Tuesday, August 18, 2009

"Laptop backlash" a phony trend?


My Aug. 6 blogpost (see below) quoted a Wall Street Journal story asserting that certain Manhattan coffee shops were restricting laptops from sucking their free wireless teats. Too many squatters trying to save home-office money, etc.

Now an article in Slate (the laptop reference is a few paragraphs down) maintains the whole thing is a made-up story about a trend that really isn't a trend, that a few coffee shops are not statistically significant.

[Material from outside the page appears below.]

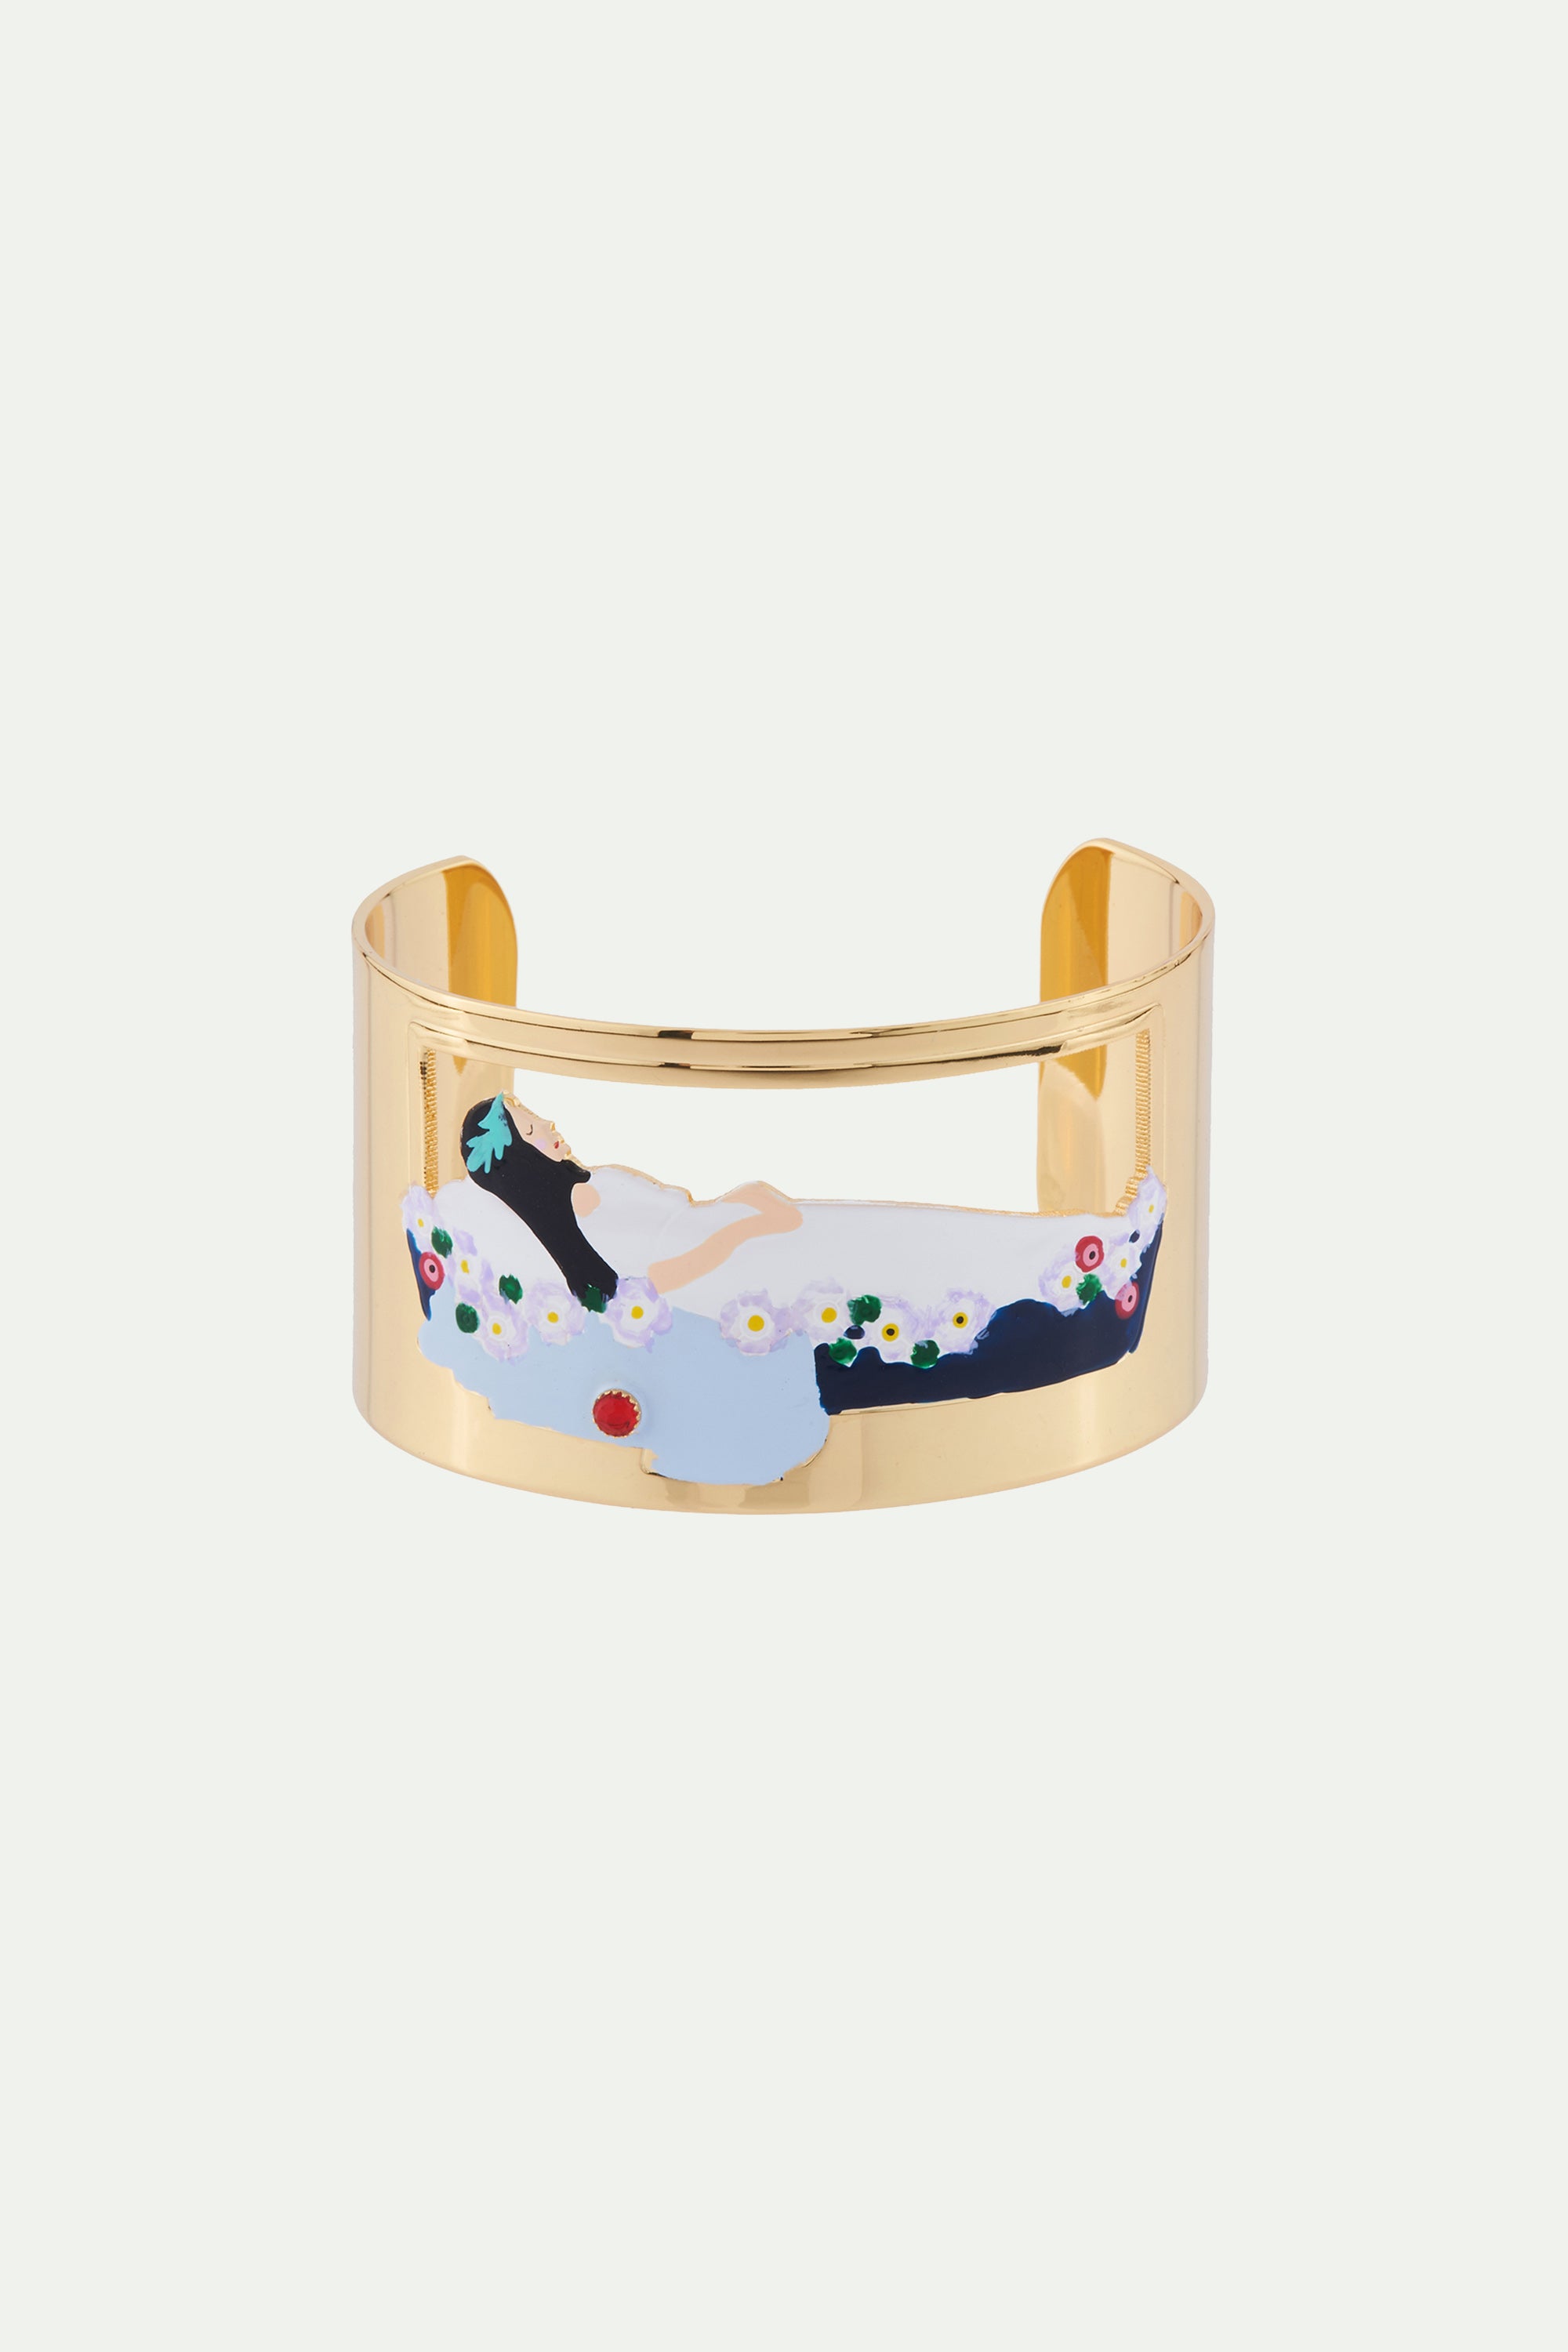 Snow White asleep in her cristal casket cuff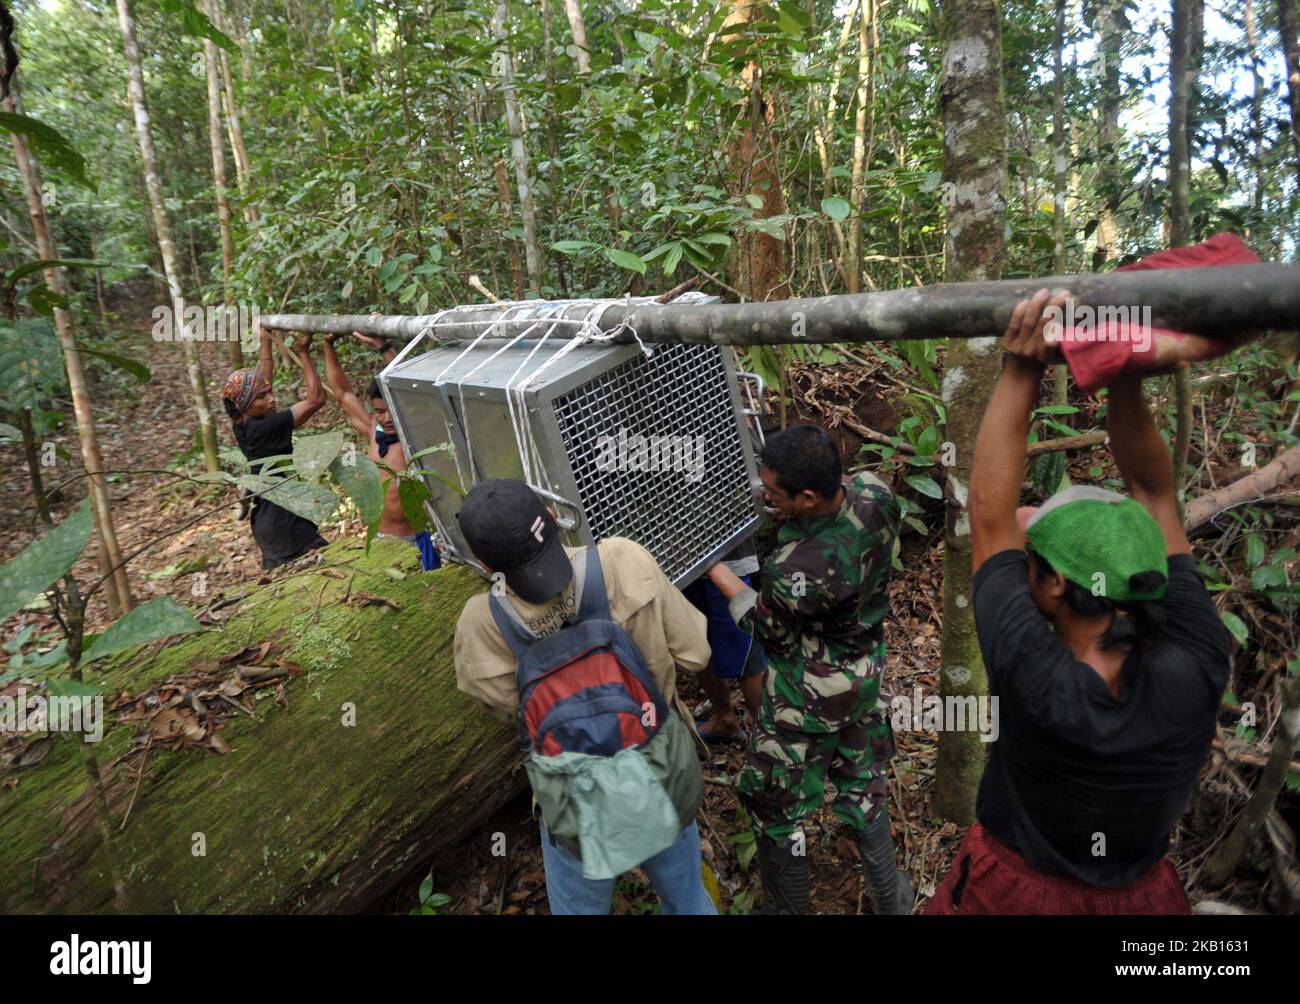 Insieme a residenti e parti correlate portare una gabbia contenente Orangutan nel Bukit Baka Bukit Raya Parco Nazionale il 12,2018 settembre. IAR (International Animal Rescue) insieme a BKSDA (Agenzia per la conservazione della natura Indonesia) Ketapang Regione 1 sezione conservazione e Bukit Baka Bukit Raya Parco Nazionale rilascio di 4 Orangutani conservazione. Quattro orangutani liberati sono stati vittime del commercio illegale di nome Ongki e mantenuti illegalmente da residenti di nome Rambo, Kepo, Ami loro orangutani adolescenti. Gli orangutani escono sugli alberi e salgono fino in cima al rilascio dell'orangutano nella foresta di Foto Stock

That could well be. This, after all, is August, when news is slow and good stories hard to find. The media likes to invent phony trends to keep readers interested. (I recall one in a certain Chicago newspaper about men's boxers outselling briefs, shortly after some airheaded newslout asked President Clinton about his underwear preference.)

Come to think of it, the only "restriction" I have seen on laptop use at the Panera Bread outlet I frequent with my Macbook and iPod Touch is a single sentence on the web login page asking folks not to hog the larger tables.

I still think government ought to provide free wireless everywhere, although entrepreneurs who want to make money will say no -- just as the profit-oriented medical-industrial complex says no to free health insurance for the needy, who increasingly are all of us.

1 comment:

  1. >>I still think government ought to provide free wireless everywhere...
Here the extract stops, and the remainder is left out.